Casualties of radiation dispersal devices, nuclear detonation or major ionizing radiation accidents, in addition to radiation exposure, may sustain physical and/or thermal trauma. Radiation exposure plus additional tissue trauma is known as combined injury. There are no definitive therapeutic agents. Cyclooxygenase-2 (COX-2), an inducible enzyme expressed in pathological disorders and radiation injury, plays an important role in inflammation and the production of cytokines and prostaglandin E(2) (PGE(2)) and could therefore affect the outcome for victims of combined injury.
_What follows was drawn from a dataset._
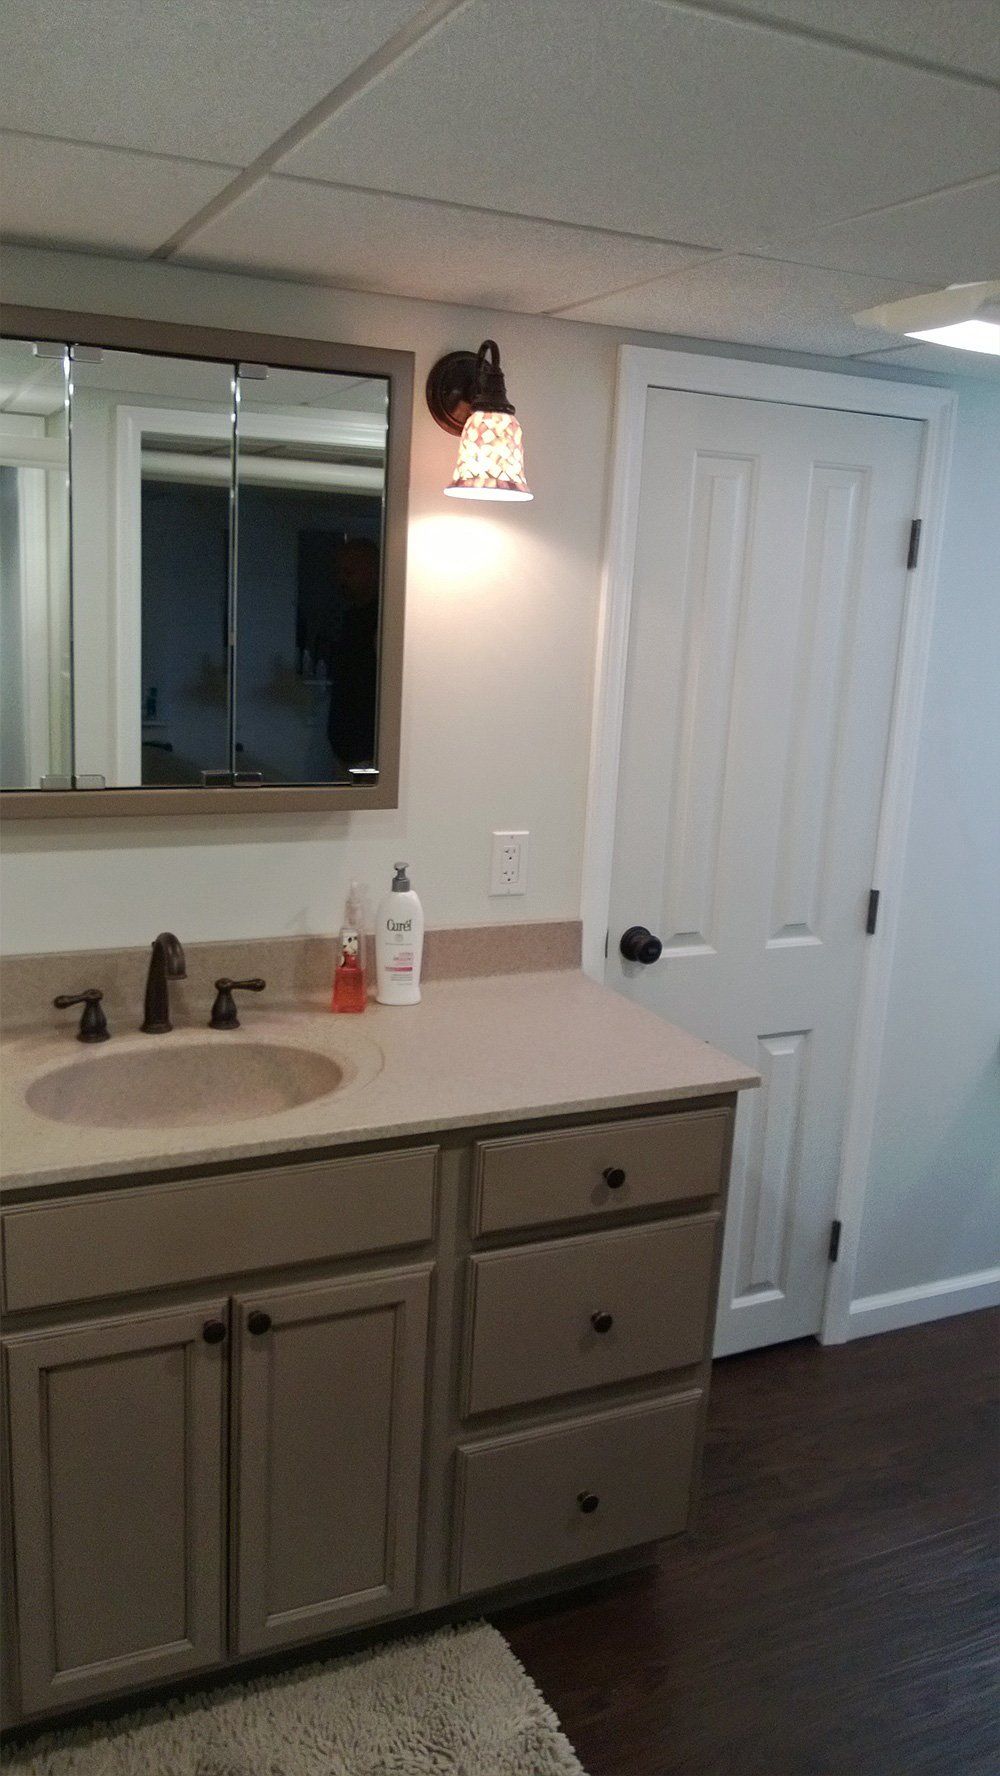 Bathroom Interior -  Remodeling Services in Slippery Rock, PA

The COX-2 inhibitors celecoxib and meloxicam were evaluated for their therapeutic value against combined injury in mice. In survival studies, the COX-2 inhibitors had no beneficial effect on 30-day survival, wound healing or body weight gain after radiation injury alone or after combined injury. Meloxicam accelerated death in both wounded and combined injury mice. These drugs also induced severe hepatic toxicity, exaggerated inflammatory processes, and did not enhance hematopoietic cell regeneration. This study points to potential contraindications for use of COX-2 inhibitors in patients undergoing therapy for radiation injury and combined injury.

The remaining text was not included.